The Company's liquidity position continues to be poor.  Working
capital continues to be negative.  At March 31, 1998, the
Company had a negative working capital of $51,575, as compared
to $40,865 at December 31, 1997.   The decrease is related to
the increase in accounts payable for the current period.
Management anticipates revenues to increase and also intends to
seek additional funding from private or public equity
investments to meet the increased working capital needs in the
next 12 months.



PART II



Item 1.  Legal Proceedings.



The Company is not currently engaged in any legal proceeding,
nor, to the Company's knowledge, is any suit or other legal
action pending or threatened.



Item 2.  Changes in Securities.



During the three months ended March 31, 1998, the Company issued
shares of its common stock as follows:



1.  20,000 shares for cash at $1.00 per share, or $20,000.

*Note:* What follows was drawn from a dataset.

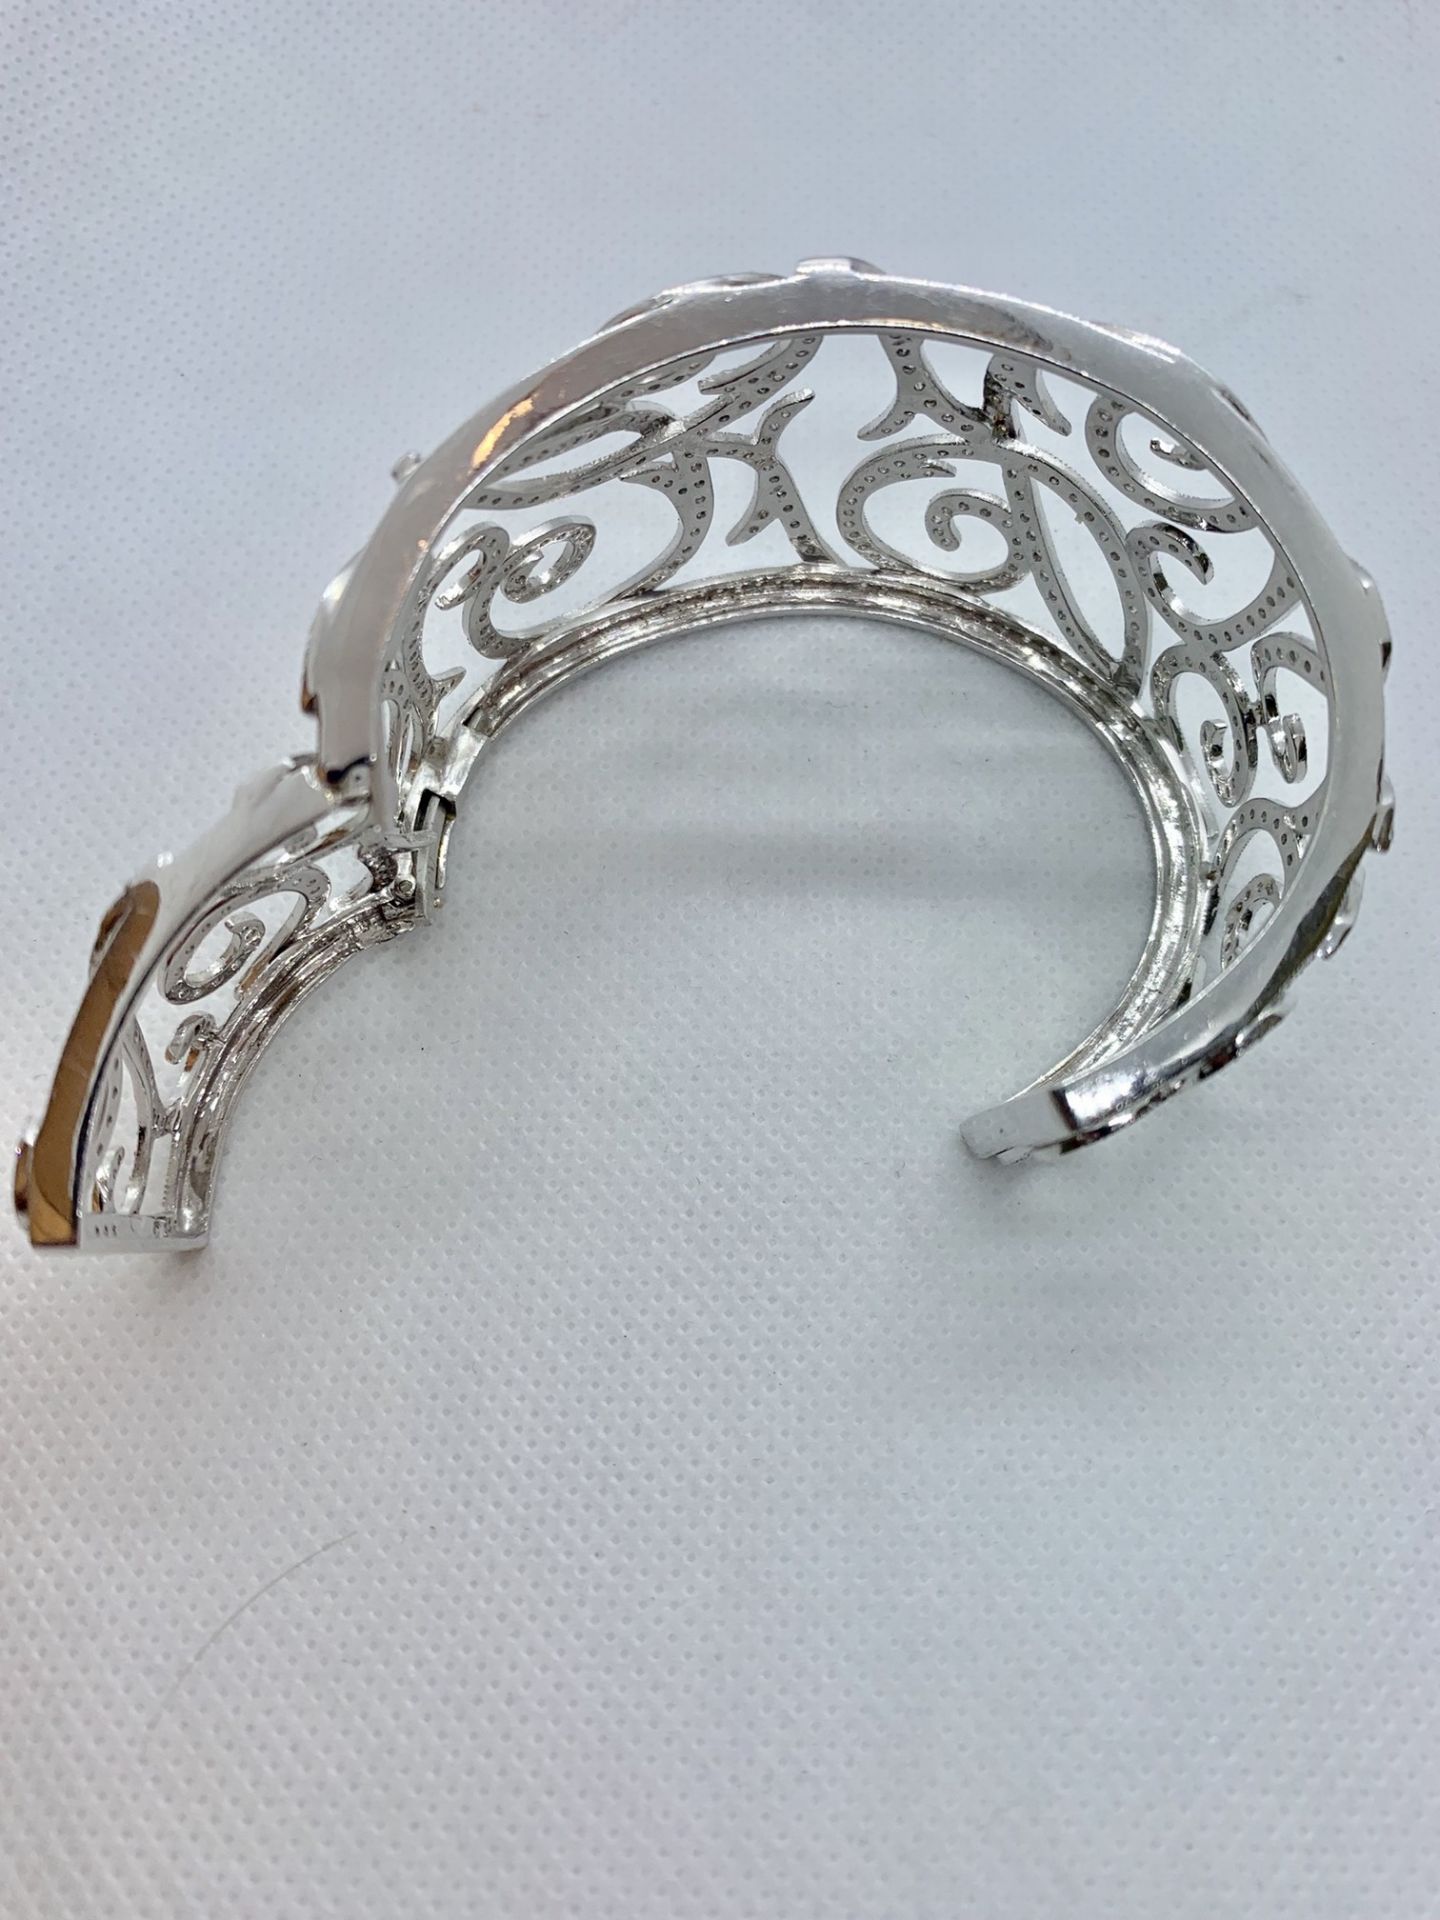 AMAZING 10.00ct APPROX HINGED 18ct WHITE GOLD DIAMOND ENCRUSTED BANGLE - Image 6 of 6
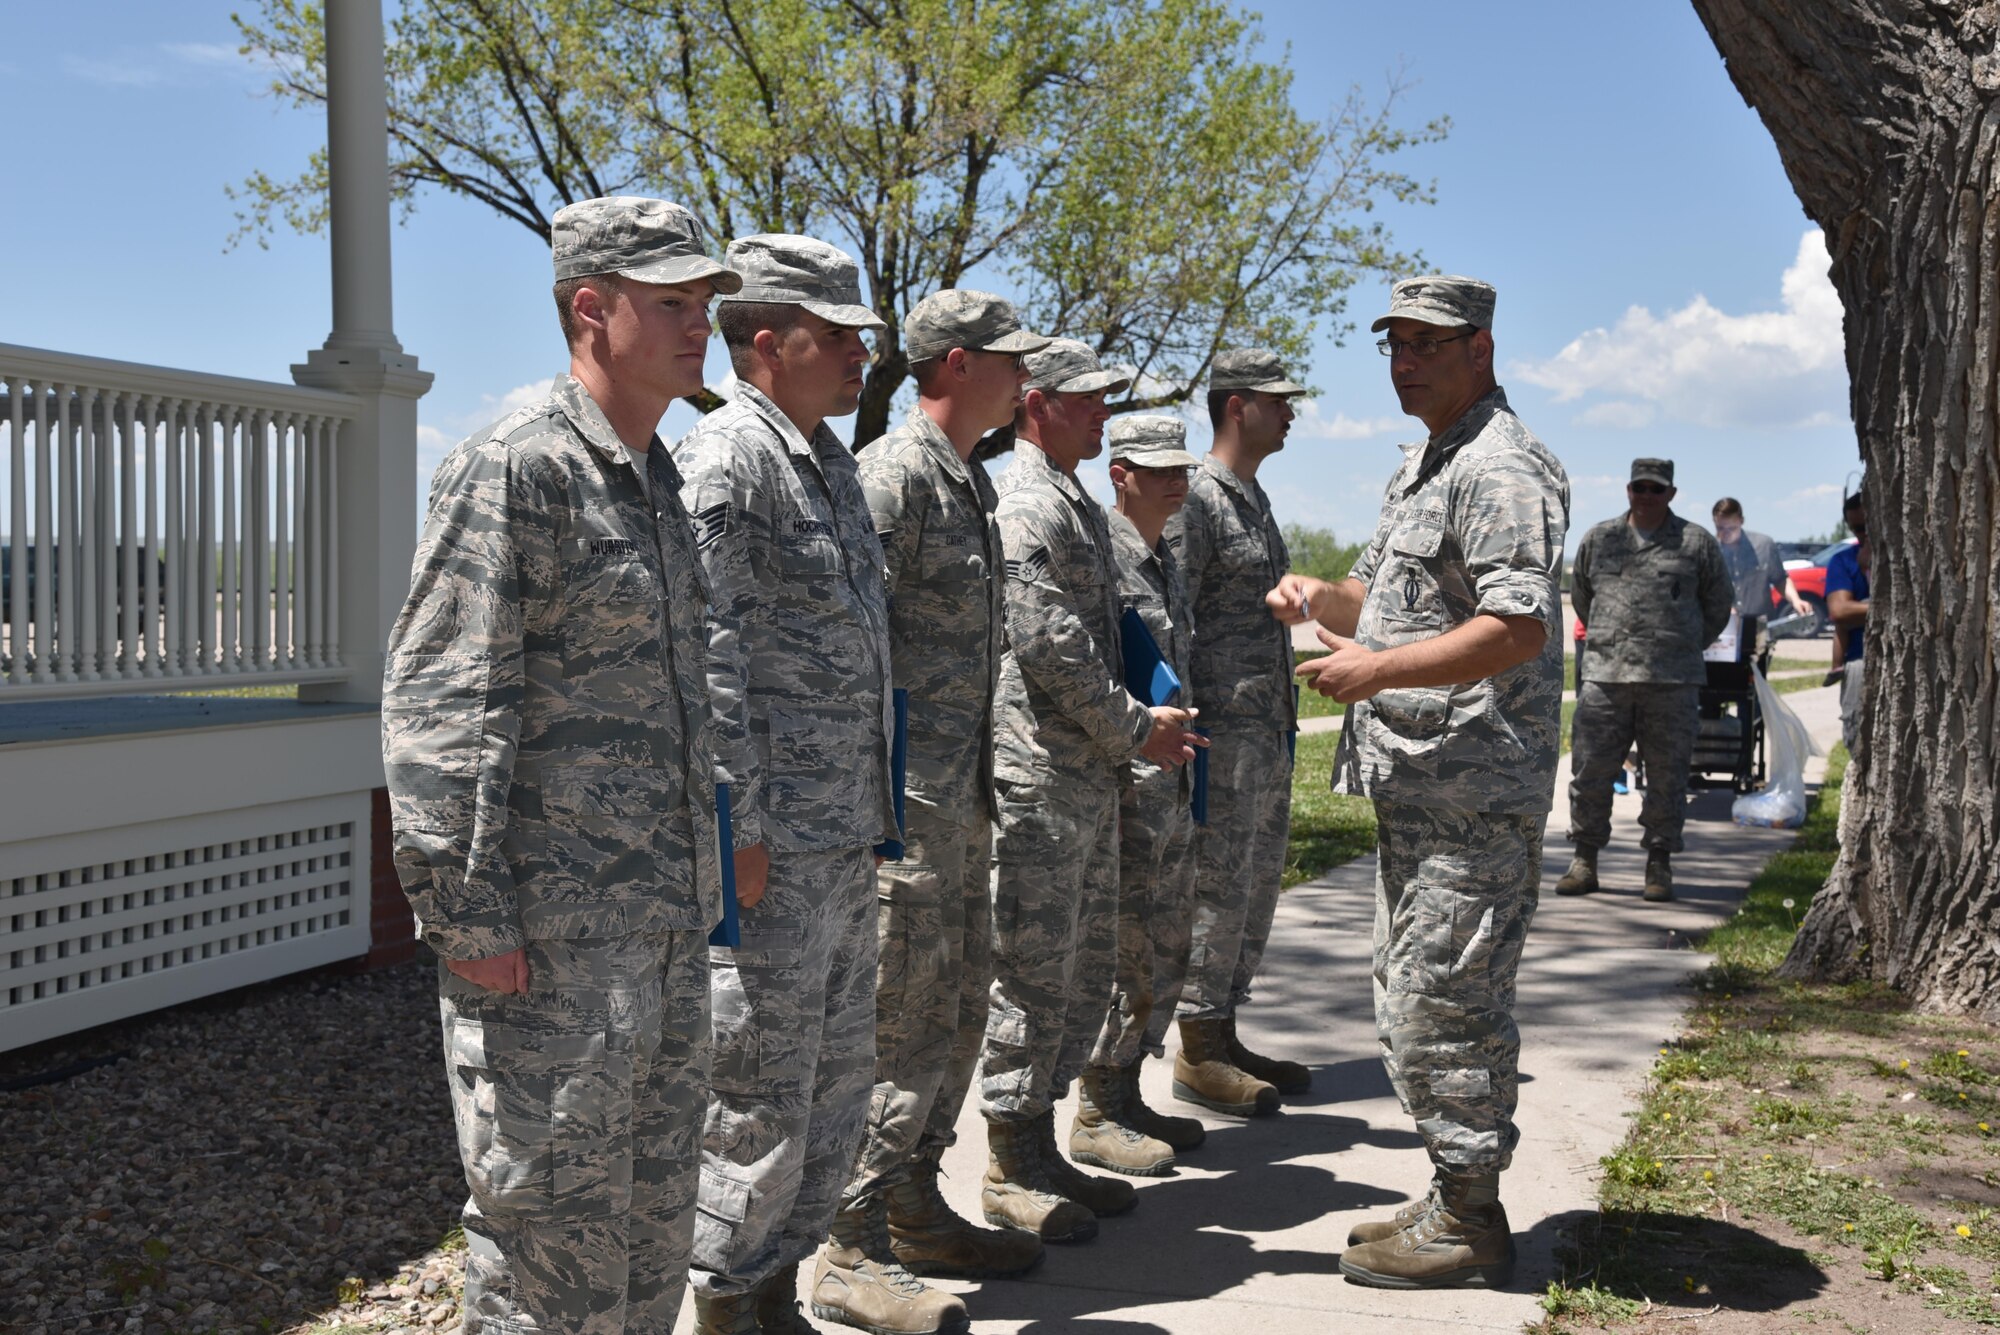 90th Civil Engineer Airmen are awarded the Air Force Achievement medal and receive coins from Col. Stephen Kravitsky, 90th Missile Wing commander for the restoration of the historic Fort D. A. Russell Army post headquarters at F.E. Warren Air Force Base, Wyo., June 8, 2017. The renovation project served a dual purpose by providing a rare training opportunity to prepare civil engineer Airmen for their responsibilities when deployed to foreign countries. Building 210 will act as the MSG headquarters and a receptions hall for Distinguished Visitors. (U.S. Air Force photo by 2nd Lt. Nikita Thorpe)

Item 3.  Defaults Upon Senior Securities.



None



Item 4.  Submission of Matters to Vote of Security Holders.



None



Item 5.  Other Information.



No events to report.



Item 6.  Exhibits and Reports on Form 8-K.



There are no exhibits to be included in this quarterly report on
Form 10-QSB.



Reports on Form 8-K:  During the three months ended March 31,
1998, the Company filed, on or about March 17, 1998, a Current
Report on Form 8-K relating to its change in Registrant's
Certifying Accountant.                        



SIGNATURES



In accordance with Section 13 or 15(d) of the Exchange Act, the
Registrant caused this report to be signed on its behalf by the
undersigned, thereunto duly authorized.



DEFINITION, LTD.





By:	                                         	

Charles Kiefner

President and 

Chief Executive Officer



Dated ___________________



In accordance with the Exchange Act, this report has been signed
below by the following persons on behalf of the Registrant and
in the capacities and on the dates indicated.